INFORMATION GIVEN:
* * * * * * *
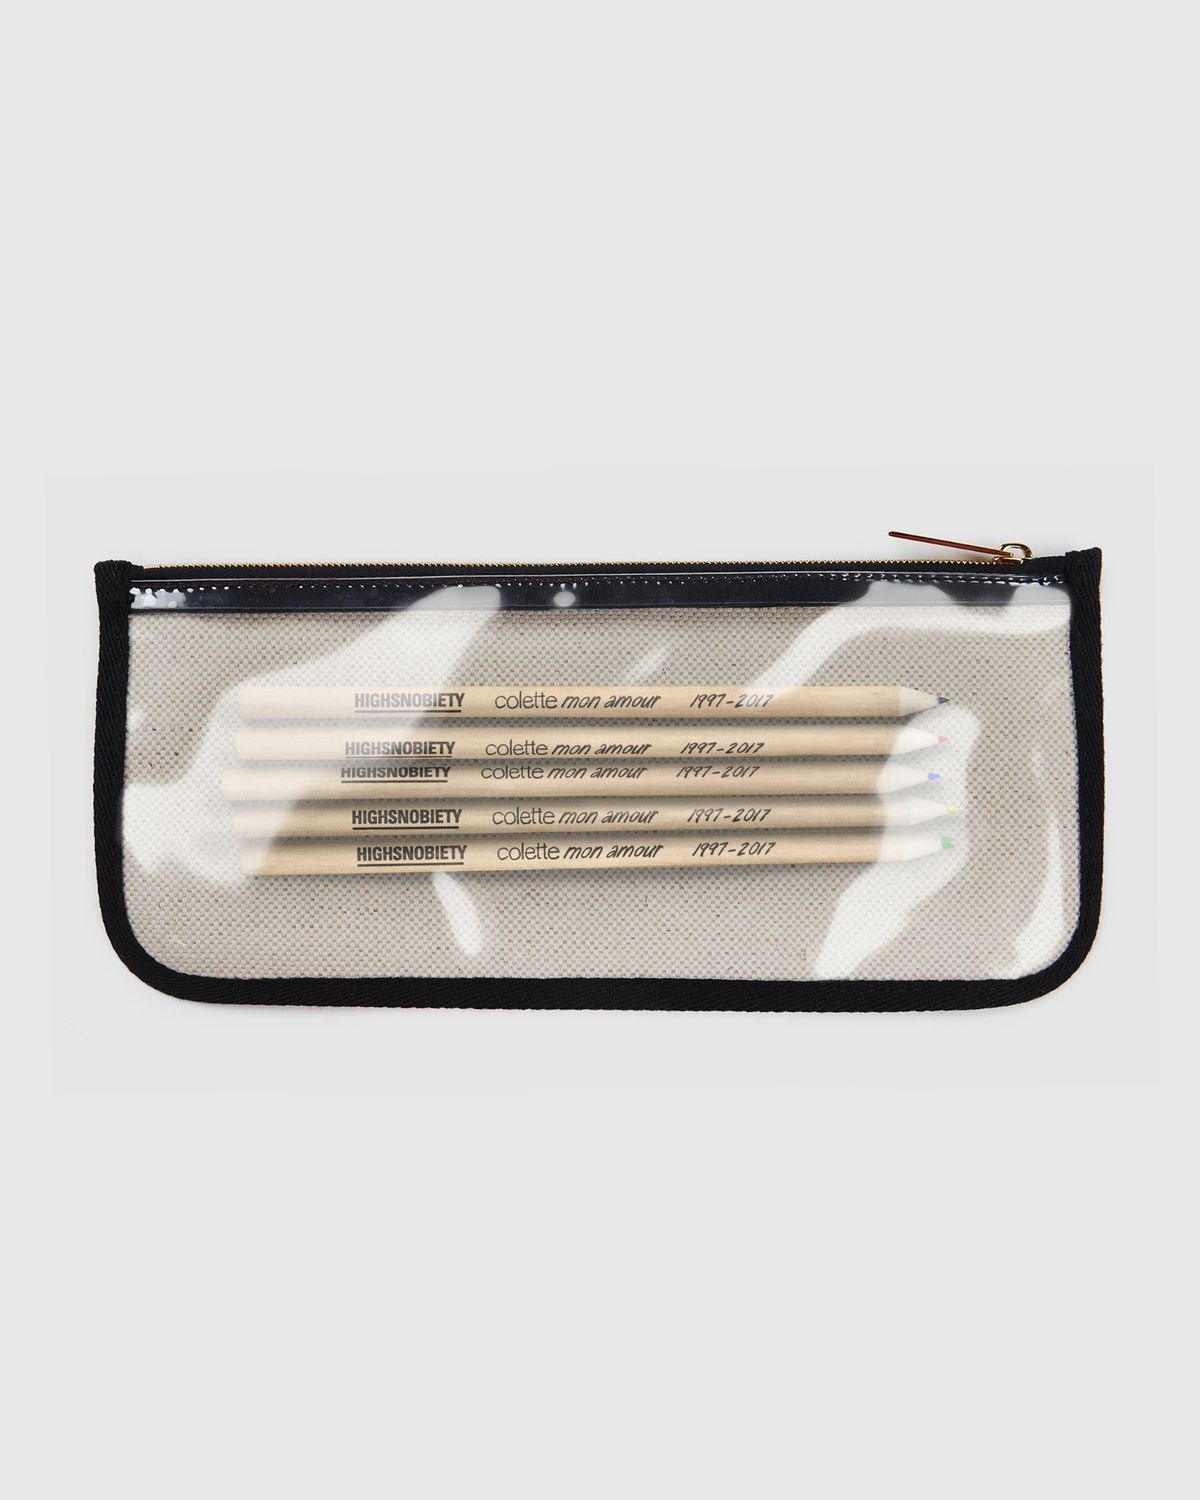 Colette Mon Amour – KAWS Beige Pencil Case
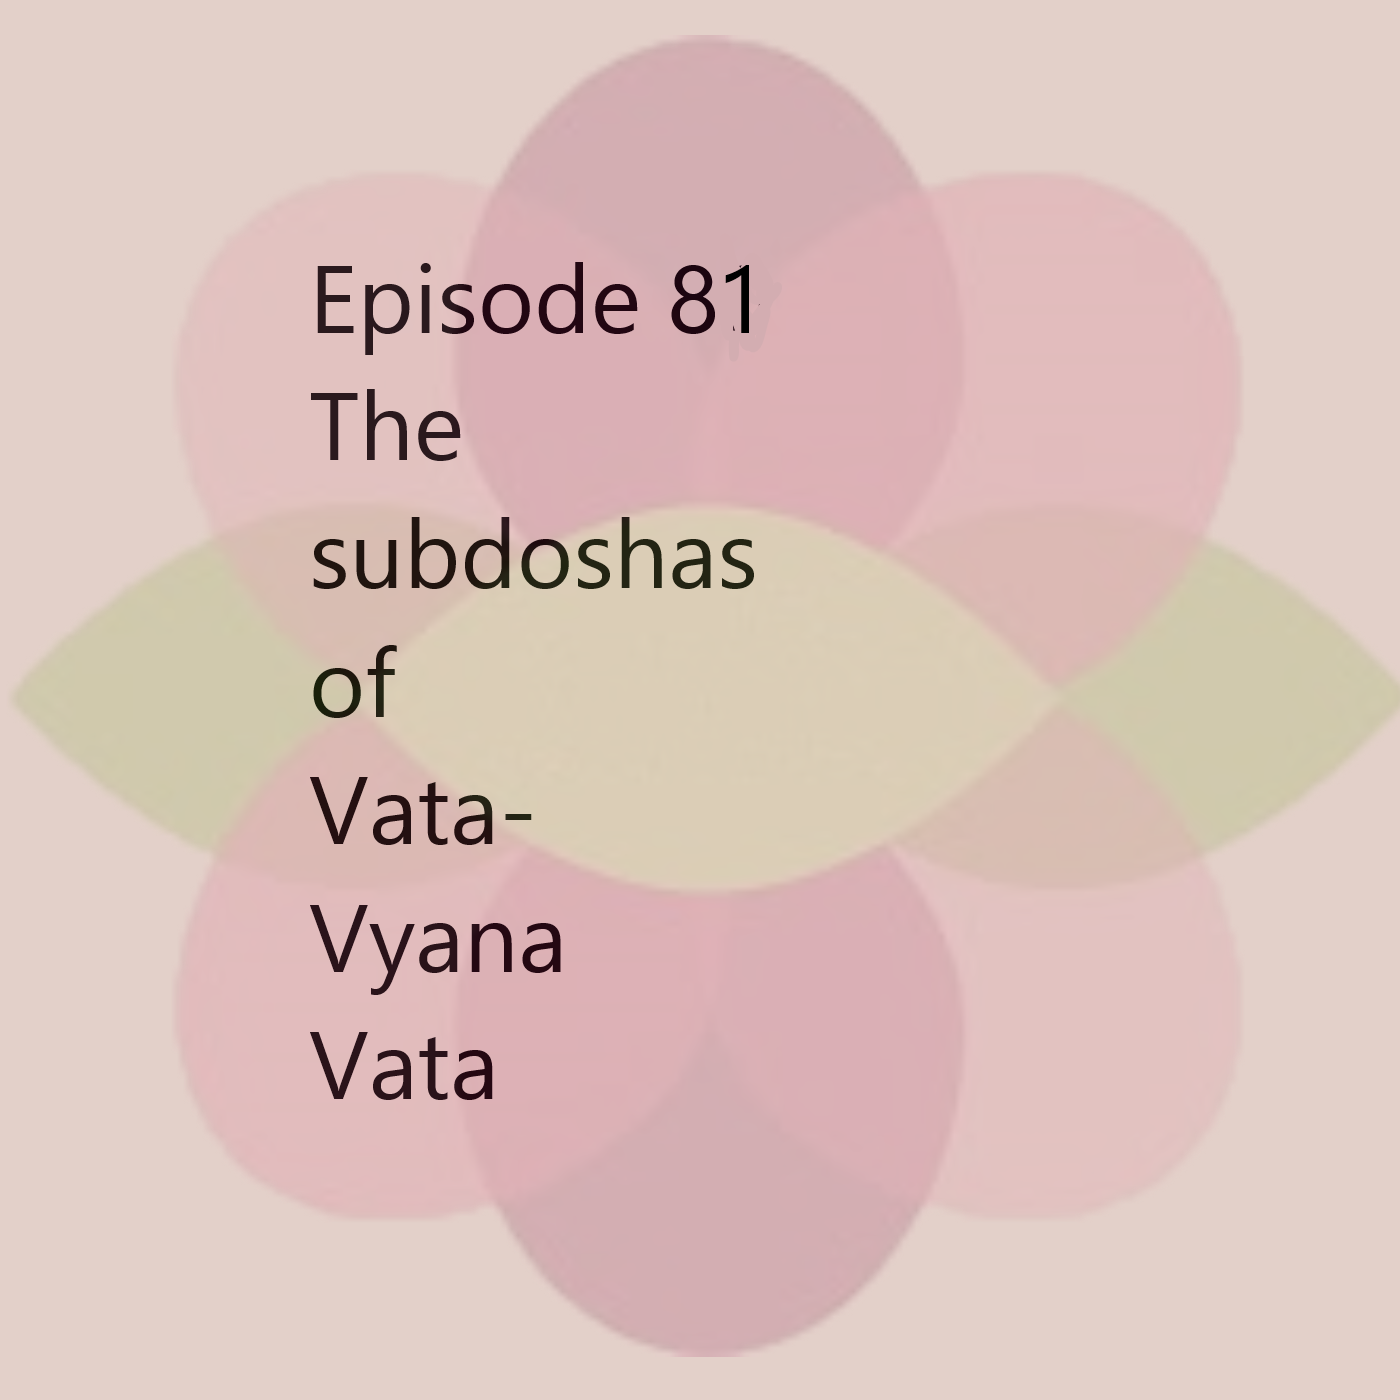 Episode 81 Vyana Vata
* * * * * * *
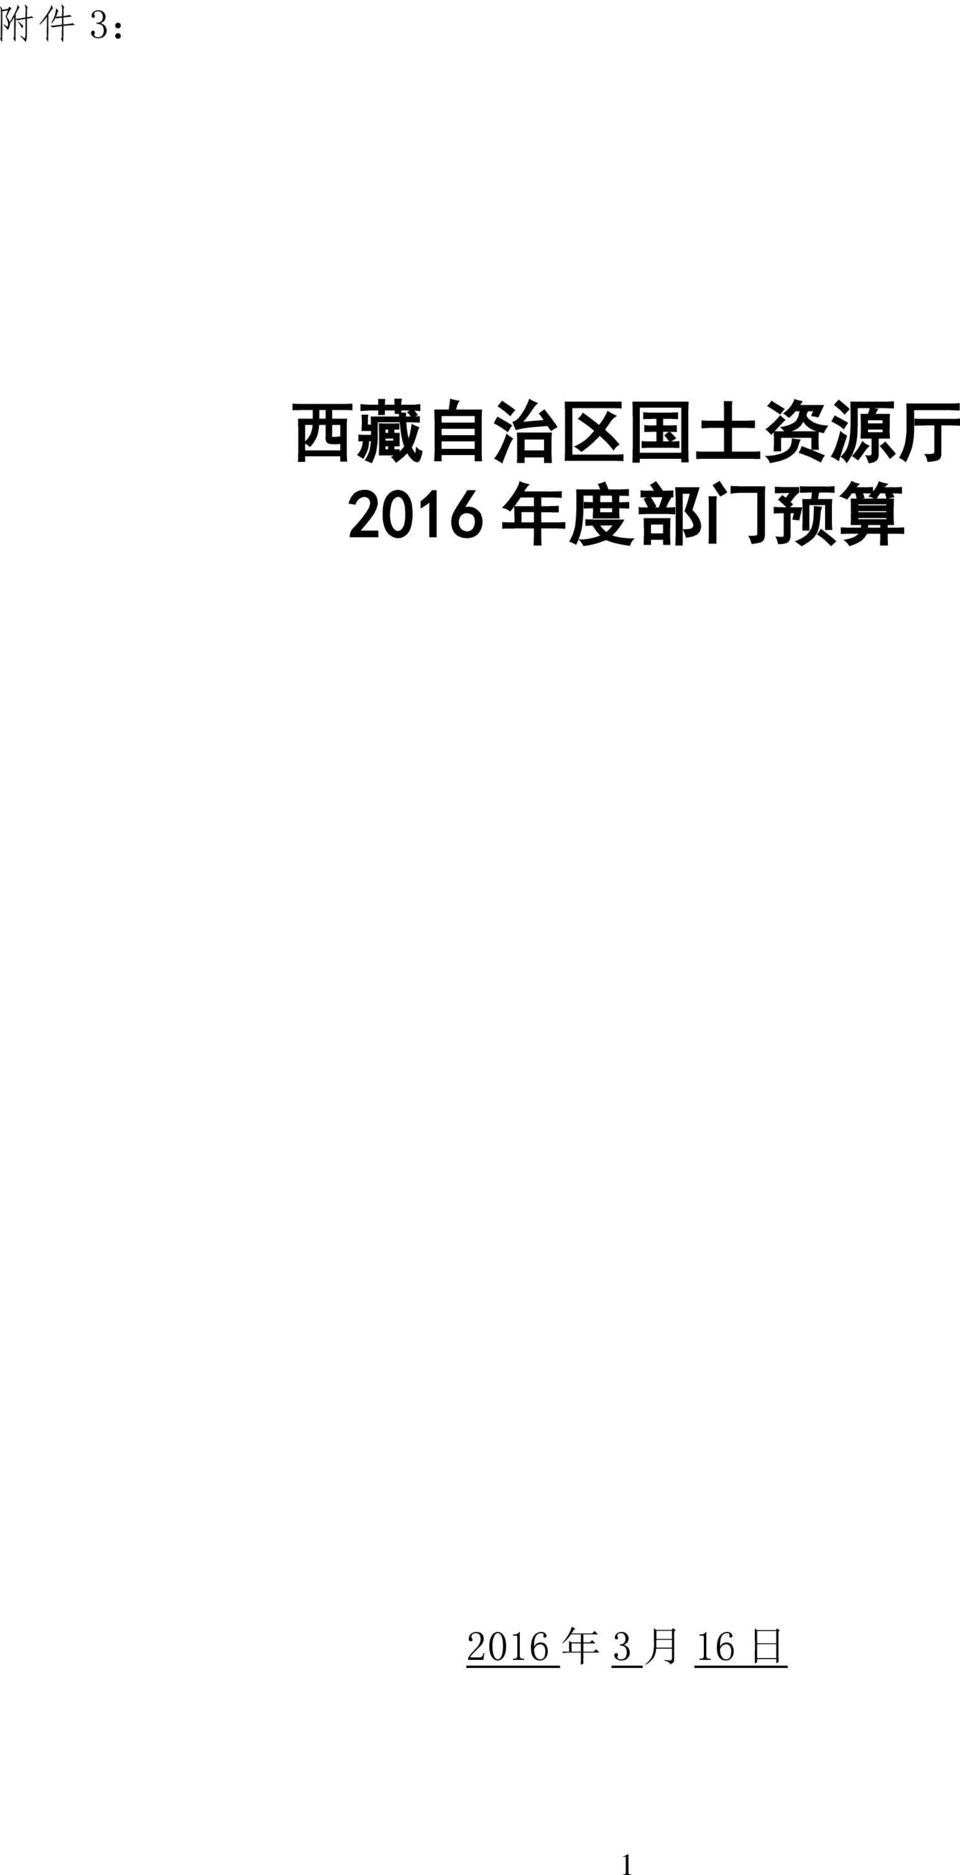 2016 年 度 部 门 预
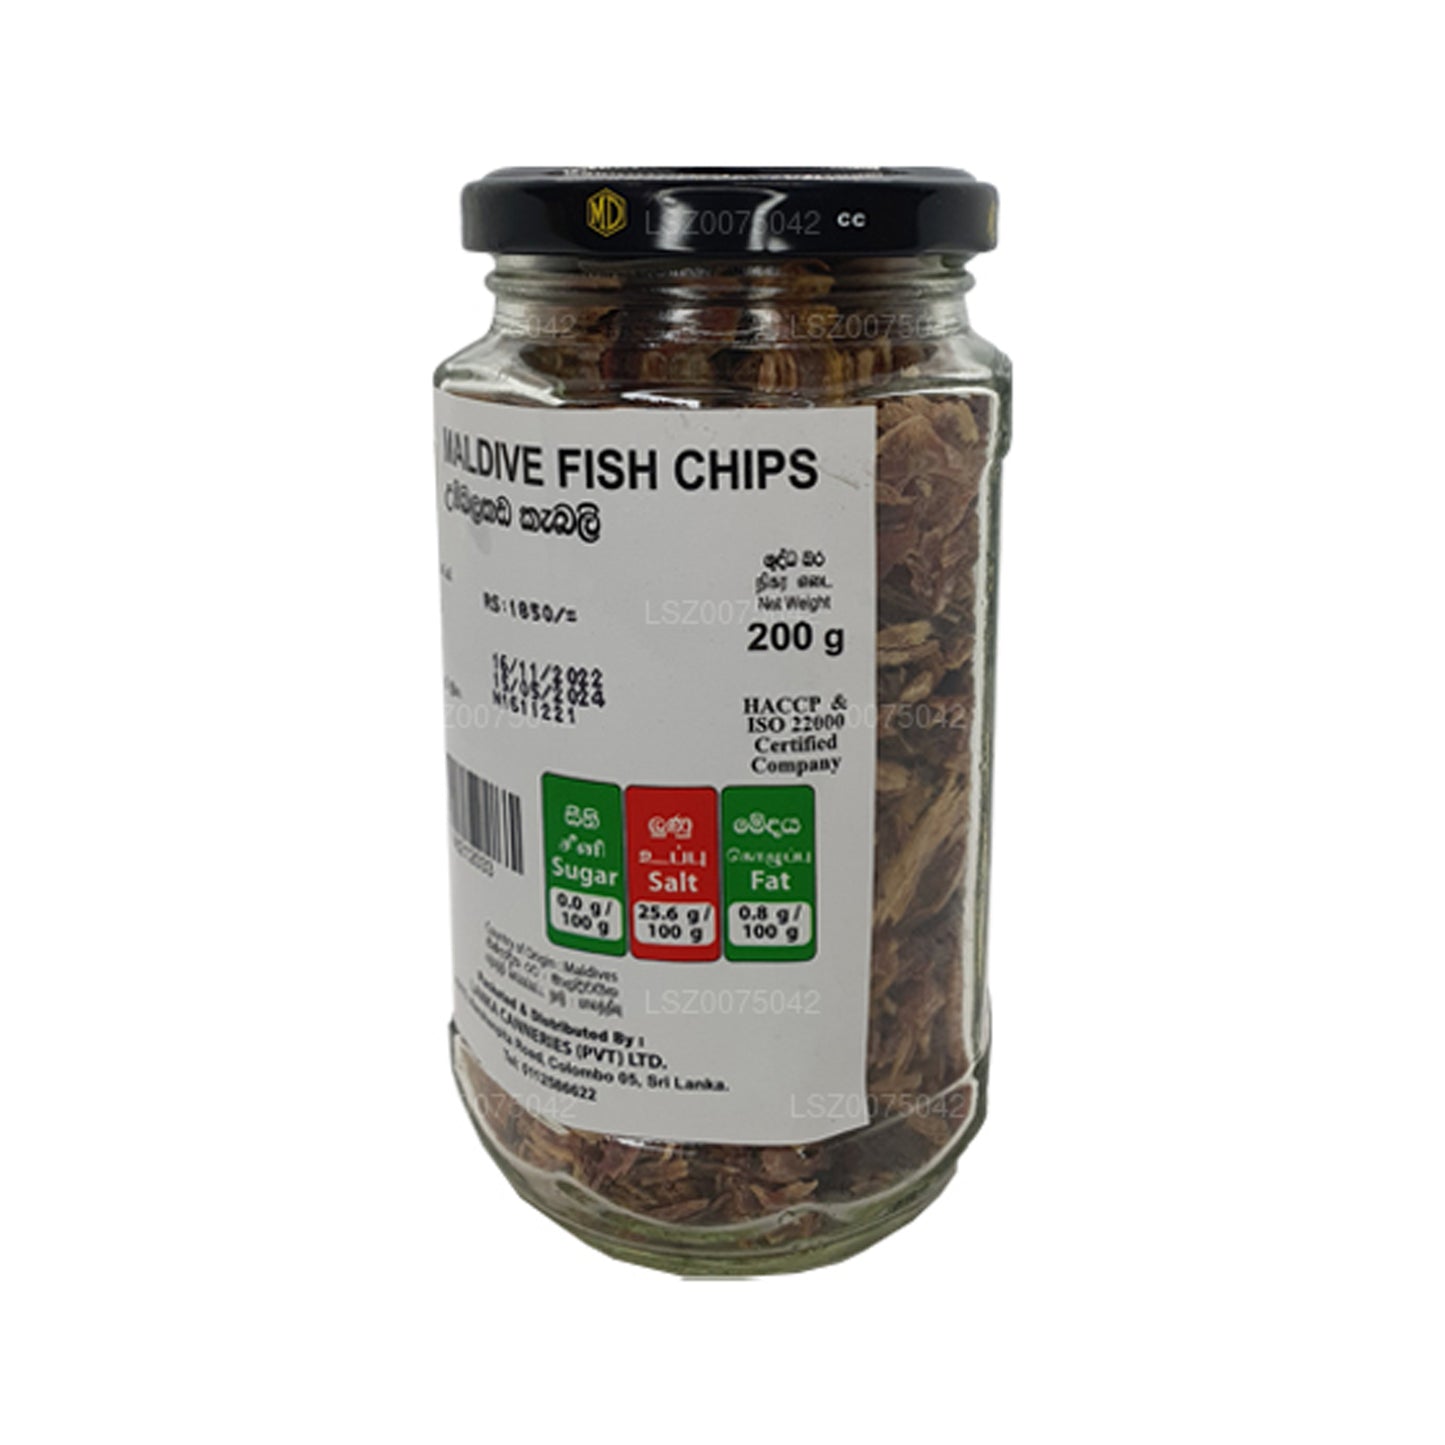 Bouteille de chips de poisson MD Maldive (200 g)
* * * * * * *
TASK DETAILS: What to print is the stretch of entries from the line with "2016 年 度 部 门 预" up to and including the line with "Bouteille de chips". Please print it exactly and leave out the pictures.

OUTPUT:
 2016 年 度 部 门 预
 Bouteille de chips de poisson MD Maldive (200 g)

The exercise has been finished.